1) \int x^{1.4} = \frac{x^{2.4}}{2.4} + C

2) \int x . x^{\frac{1}{2}} = \frac{x^2}{2} . \frac{x^{\frac{3}{2}}}{\frac{3}{2}} = \frac{x^{\frac{3}{2}}}{3} . x^2 + C

3) \int \frac{1}{x^\pi} = \int x^{-\pi} = \frac{x^{-\pi+1}}{-\pi+1} + C

[Vuldoraq]

The first and the third look okay to me, although in the first one I would leave the \sqrt{2} rather than putting 2.4.

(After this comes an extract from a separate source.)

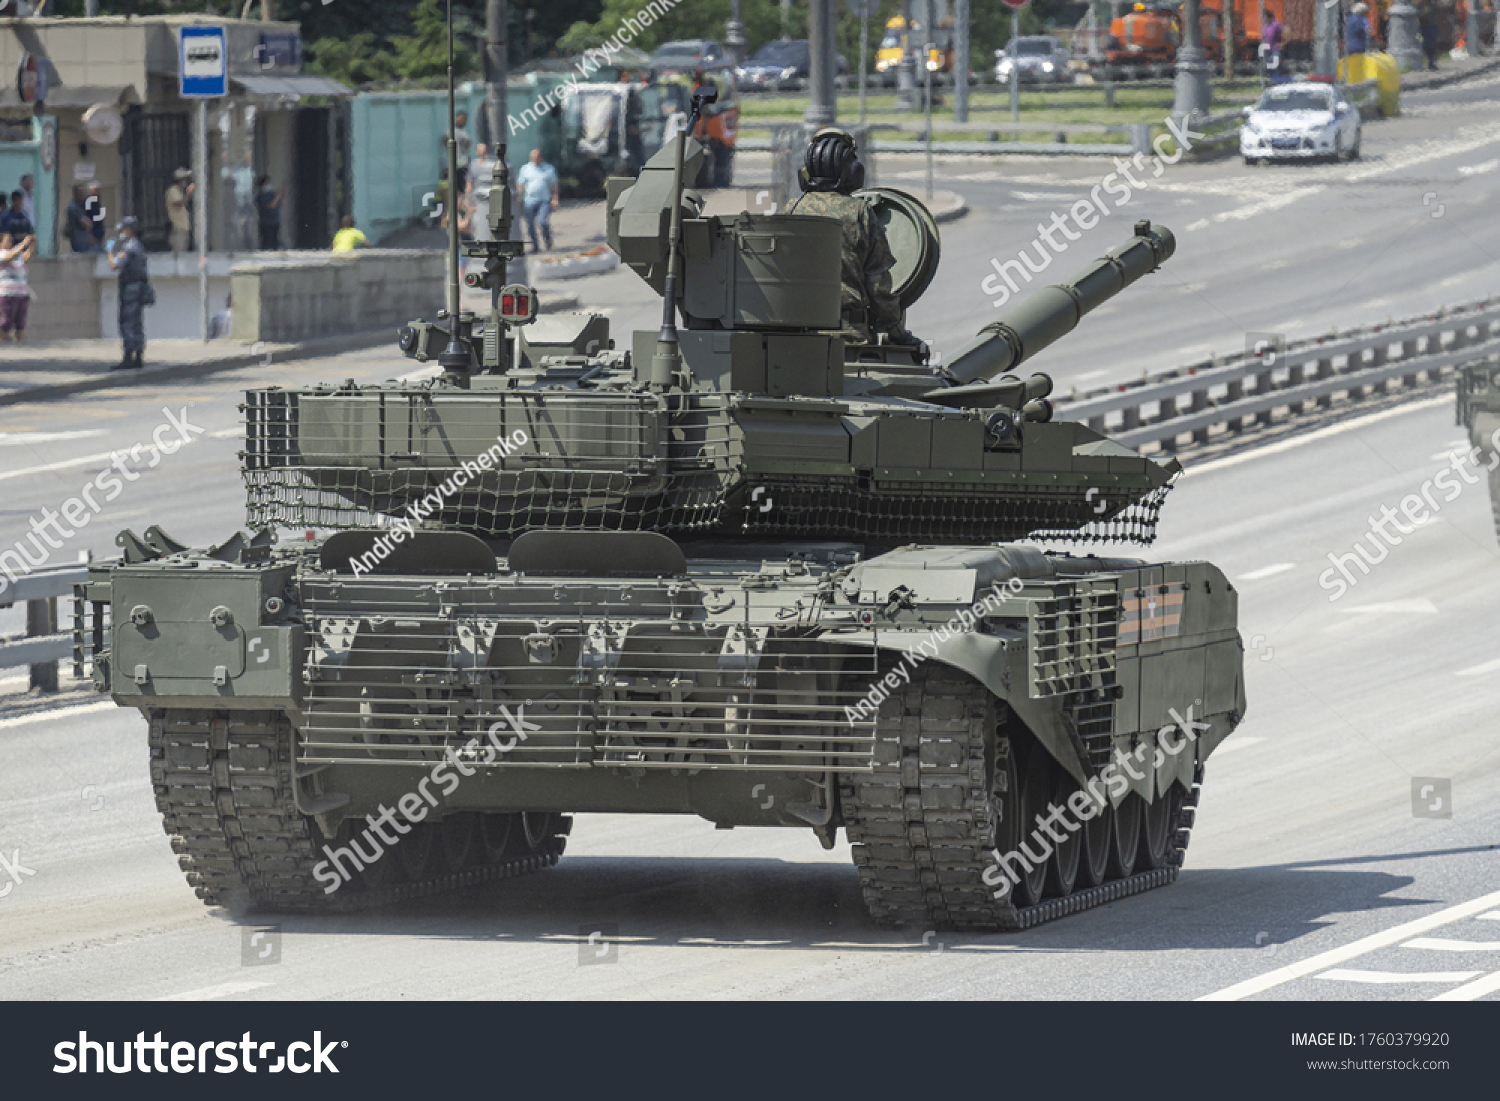 https://image.shutterstock.com/z/stock-photo-june-moscow-russia-the-t-m-tank-returns-after-participating-in-the-rehearsal-of-the-1760379920.jpg

In the second your almost there. When doing this sort of integral it is often easier if you simplify the integrand. By combining x*\sqrt{x} into \sqrt{x*x^2} to get {x^{3/2}} it should be easier to integrate.

[HallsofIvy]

1. The problem statement, all variables and given/known data

I'm wondering if anyone can check these integrations for me, or suggest alternative answers if they're not quite right, or can be simplified?

1) \int x^{\sqrt{2}}

2) \int x . \sqrt{x}

3) \int \frac{1}{x^\pi}

2. Relevant equations

--

3. The attempt at a solution

1) \int x^{1.4} = \frac{x^{2.4}}{2.4} + C
\sqrt{2} is NOT equal to 1.4! There is no reason to change x^{\sqrt{2}} to x^{1.4}.

2) \int x . x^{\frac{1}{2}} = \frac{x^2}{2} . \frac{x^{\frac{3}{2}}}{\frac{3}{2}} = \frac{x^{\frac{3}{2}}}{3} . x^2 + C
An unfortunately common mistake: just as you cannot differentiate a product by just differentiating each part, you cannot integrate a product that way either. As Vuldoraq said, x\sqrt{x}= x(x^{1/2})= x^{3/2}. Integrate that.

3) \int \frac{1}{x^\pi} = \int x^{-\pi} = \frac{x^{-\pi+1}}{-\pi+1} + C
Yes, this is correct.

[roadworx]

Thanks for the replies Vuldoraq, HallsofIvy.

So, my answer should be \int x^{\frac{3}{2}} = \frac{2x^{\frac{3}{2}}}{3}

[SunGod87]

You forgot to increase the exponent by one before dividing!

[dirk_mec1]

Are you aware of the fact that you're leaving out the dx in the integrals?

[roadworx]

alright..

Second attempt.

\int x^{\frac{3}{2}} = \frac{2x^{\frac{5}{2}}}{5}

[Vuldoraq]

Thats it, much better. :smile:

To repeat what HallsofIvy said: you can't integrate products of the function being integrated in the usual manner. So you have to simplify and when you can't simplify you have to use a different method (like integration by parts or substitution, you'll come accross these later on).

May your Math prosper